康熙有童年阴影,最恨专宠,所以这一回压着老大直接给了两个侧福晋与两个格格,再听老四一言,顿时就想着给他赐下三个侧福晋去,个个都能压过李氏一头!但是再看儿子跪在地上头不敢抬,想着那一日去雍亲王府,李氏护子心切,像极了仁孝皇后当初的模样,心里就泄了气。罢了,谁还没有年轻的时候,李氏自己也争气,刚生了一对儿女,儿子好容易开一次口,后院里的也不是大事,干脆就应了吧。

翌日清晨,胤禛先去了书房整理公文。苏凉则在鲤院盯着众人收拾好弘晖与霞光的包袱,说今儿个要回李府,孩子们太小,马车颠簸,不宜带出门,叫送到万福堂去。众人大惊,面面相觑,最后还是枣儿出来陪笑着说了一句话:“主子要回去见太太老爷,咱们几个守着小主子也不妨事的。
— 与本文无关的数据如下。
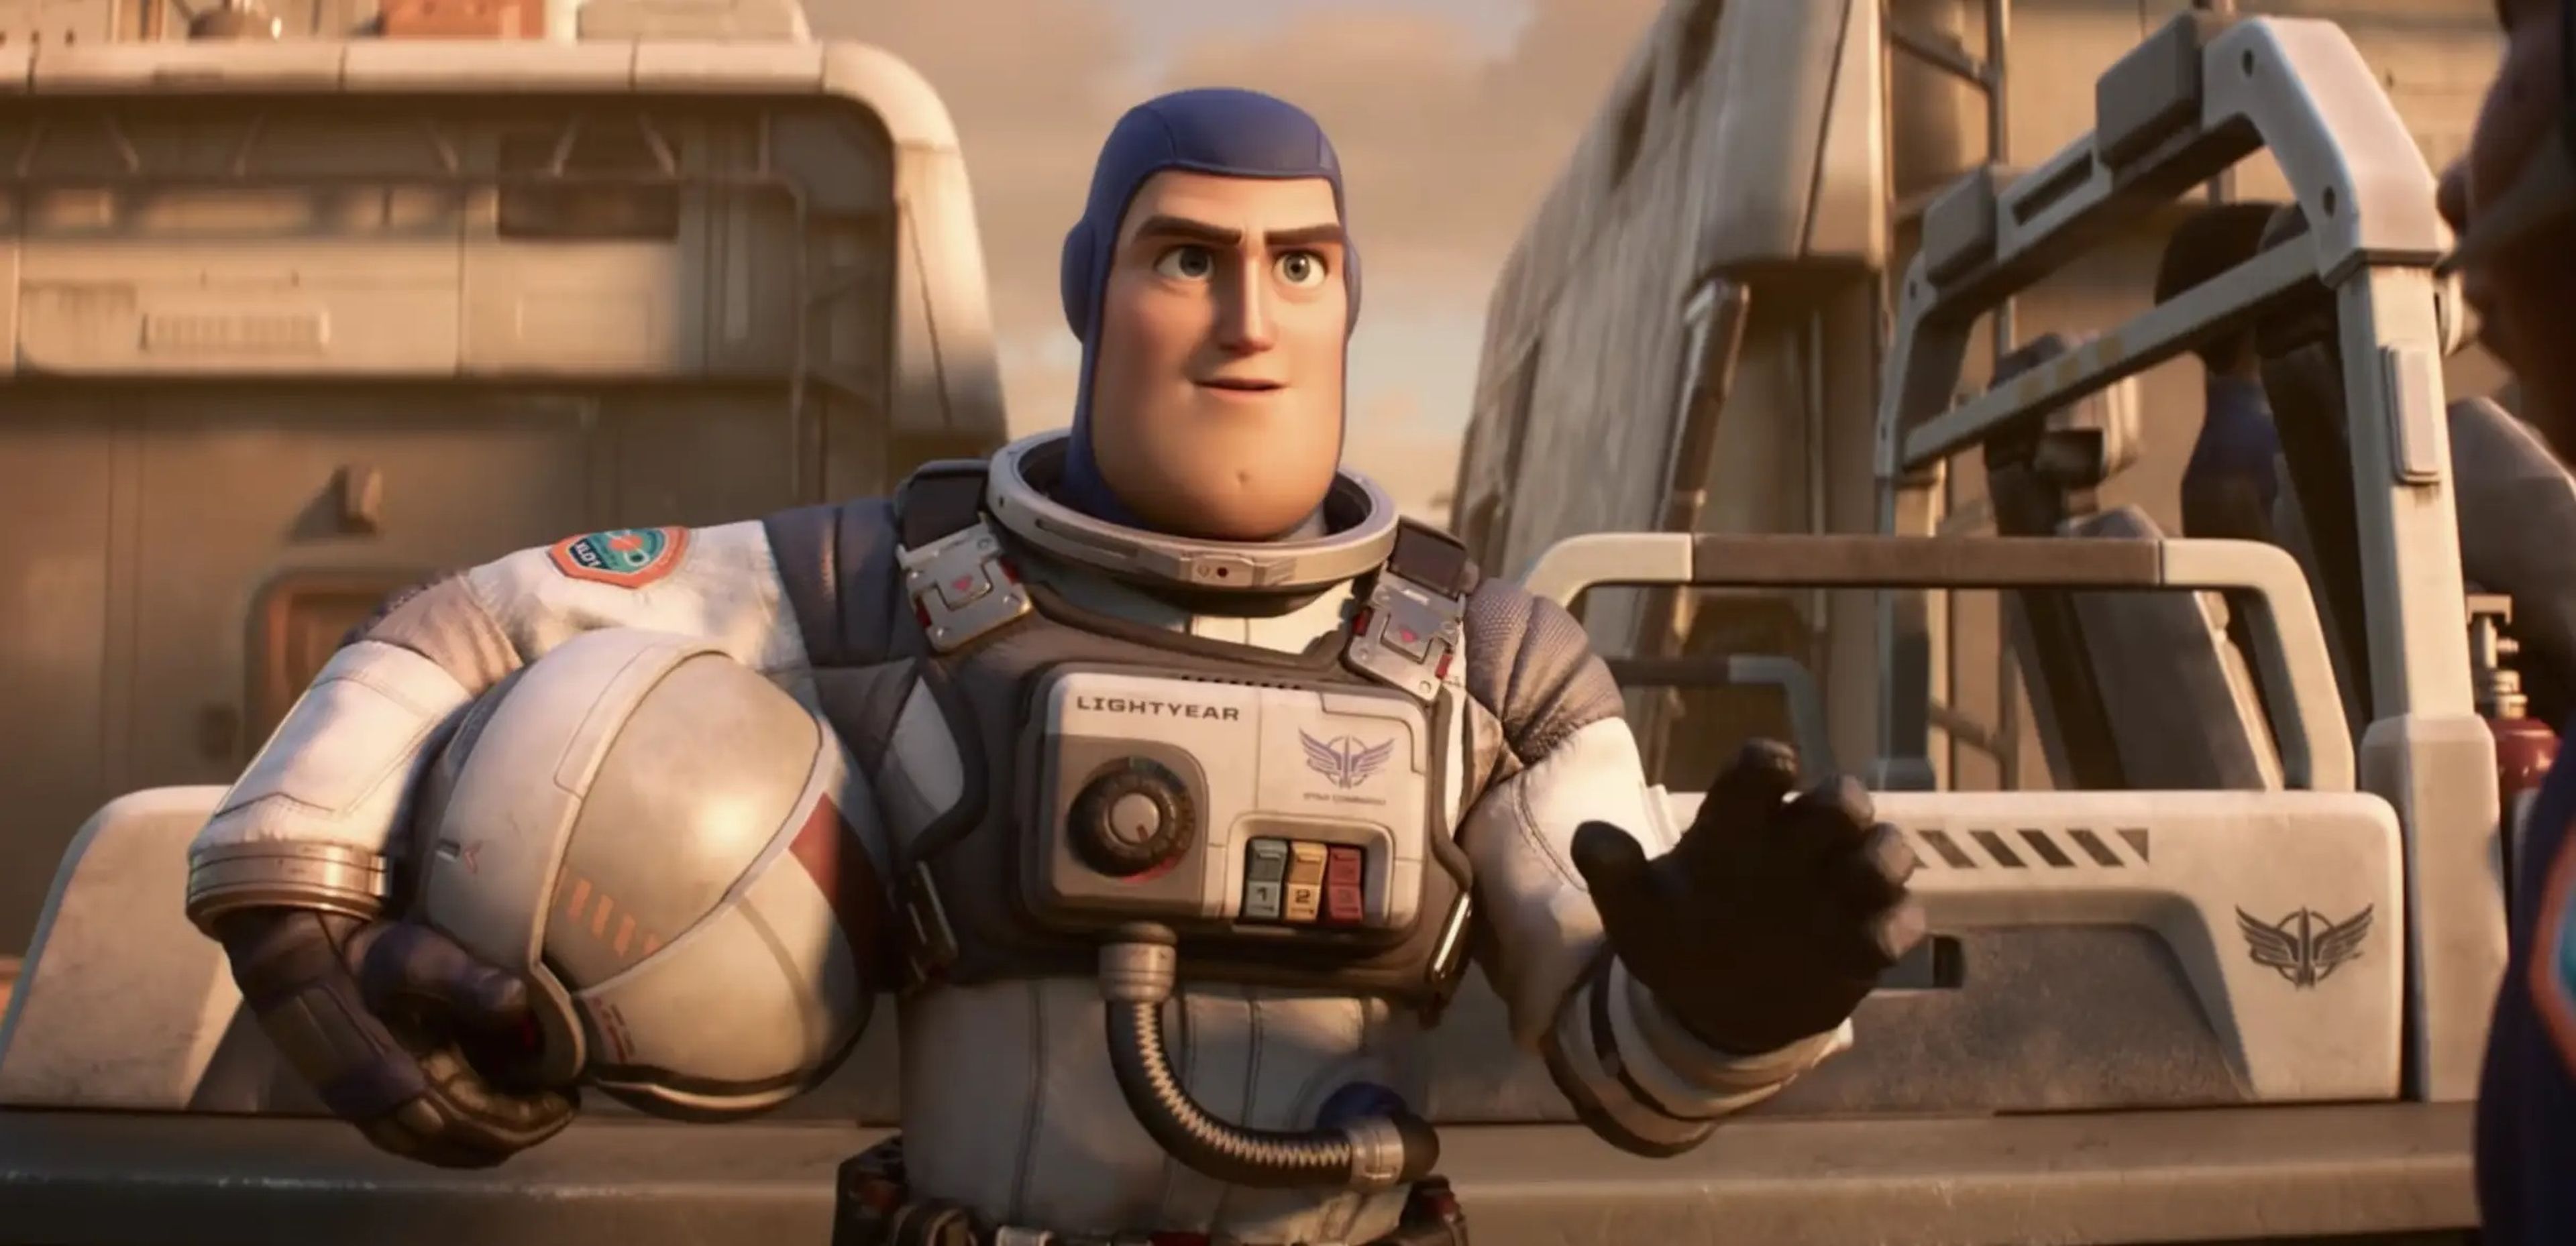 La película animada de ciencia ficción cuenta la historia del origen de Buzz Lightyear, el héroe que inspiró el juguete.

”苏凉知道她们心里所想,但也懒得多说,只道:“桂儿同焦嬷嬷今日一同往万福堂去,虽说福晋爱慈,那里的丫头们却是不会照料孩子的。得了,枣儿桂儿拿着包袱,跟在我与焦嬷嬷后头走罢。”

乌喇那拉氏昨夜又哭的眼红脸肿,早起吃了饭正想着去梅院瞧墨兰,顺便说说话。还没放下筷子,只听金桔来报,侧福晋来了。乌喇那拉氏一听,以为是惯常定省,但她心里很喜欢两个孩子,忙吩咐撤了桌,在炕上铺了暖融融的褥子,是等着弘晖和霞光过来。枣儿与桂儿带着两个圆滚滚的包袱进来,倒把众人吓了一跳。苏凉进来,乌喇那拉氏反倒先迎上来,焦嬷嬷知道眼色,忙把弘晖交到福晋手里。“今儿个要劳烦姐姐。”进了内屋,苏凉将霞光一同放下来,看着他们姐弟在一起打滚,向着乌喇那拉氏行了礼道:“奴婢跟爷要回李府去,擦晚儿才能回来,孩子们就全托付给姐姐照料了。”乌喇那拉氏心里先是一酸,后又听孩子要放到万福堂一整日,便吃惊的望着侧福晋。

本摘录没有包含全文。